Here’s a clue that you have a good vision statement: If you would be hard pressed to define the exact conditions under which the vision would actually be achieved, or if it even seems unattainable but you still wish it would come to fruition somehow, congratulations! It is truly aspirational. You’ve then got your career vision statement.

“That’s fine for companies and organizations, but how do I create a vision statement for myself?”

This is where you need to do some brainstorming, meditation, or journaling. For example, ask the following questions, and see what comes up for you.

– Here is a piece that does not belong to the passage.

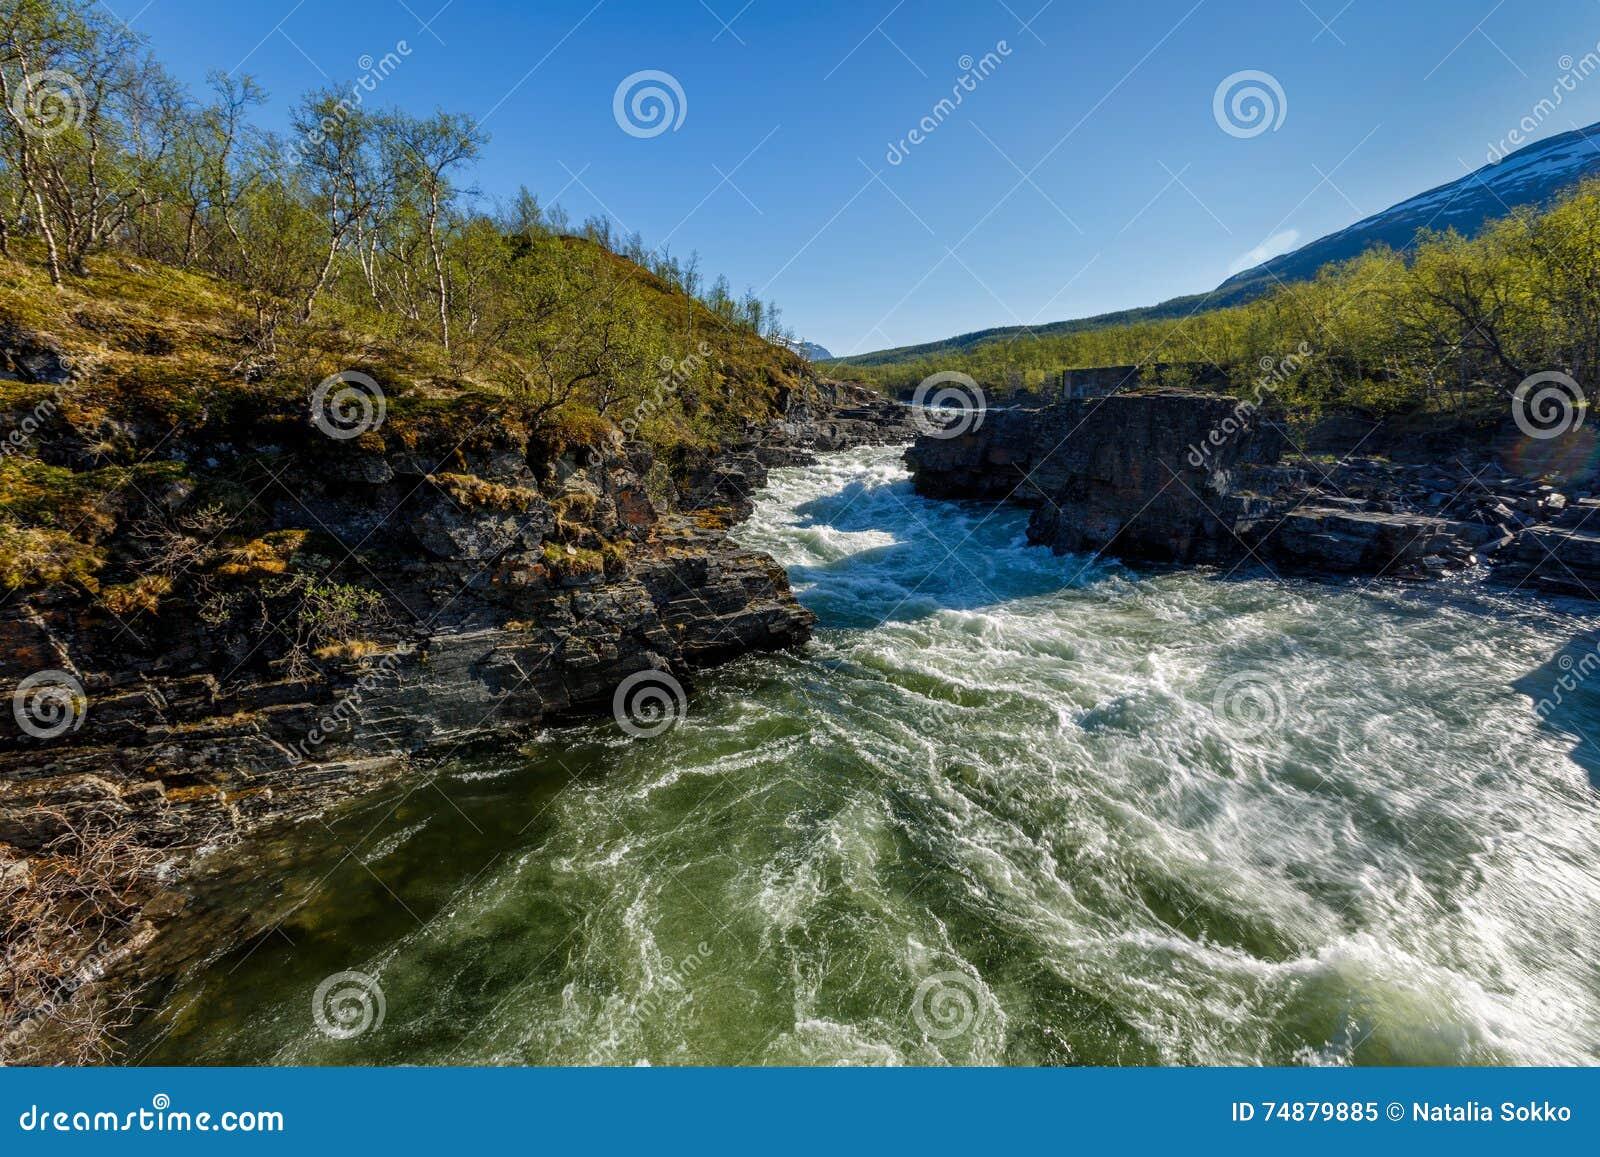 Όμορφο τοπίο με τον ποταμό και το φαράγγι

  • Have you felt compelled to act in a job situation in a certain way, despite the culture or the “standard” way of doing things being the opposite?
  • Do you have activities, hobbies, or interests that you really love spending time on outside of work? What is it exactly about those outside activities that is fulfilling? Do you find those qualities in jobs you’ve enjoyed or not?
  • Is there a problem or concern in your industry that you would love to see solved once and for all?

There may be other questions to ask, however. But you must dig deep to get to a core motivator for you to act in your career.

When you find the root of your motivations, you can create a career vision which serves as your “professional North Star.”

Here are some examples of career vision statements that I have helped others create for themselves.

My personal career vision is to…

  • Ensure that every woman has a real chance at performing at all levels of leadership.
  • Always be in a truly safe and diverse space for everyone to come and do their best work.
  • See that every person has the communication skills to diplomatically articulate exactly what they want to be able to say.
  • Make sure work is always a thing that I do, and never a thing that I am.
  • Be forever working on the most absolutely cutting-edge new technology.
  • Create a way for workplaces everywhere to prioritize people over profits.

What profound statements! How can one little person ever realize such incredible outcomes? The reality is, one person can’t. However, their career vision statements will drive them to craft their careers and decision-making always toward the realization of that vision.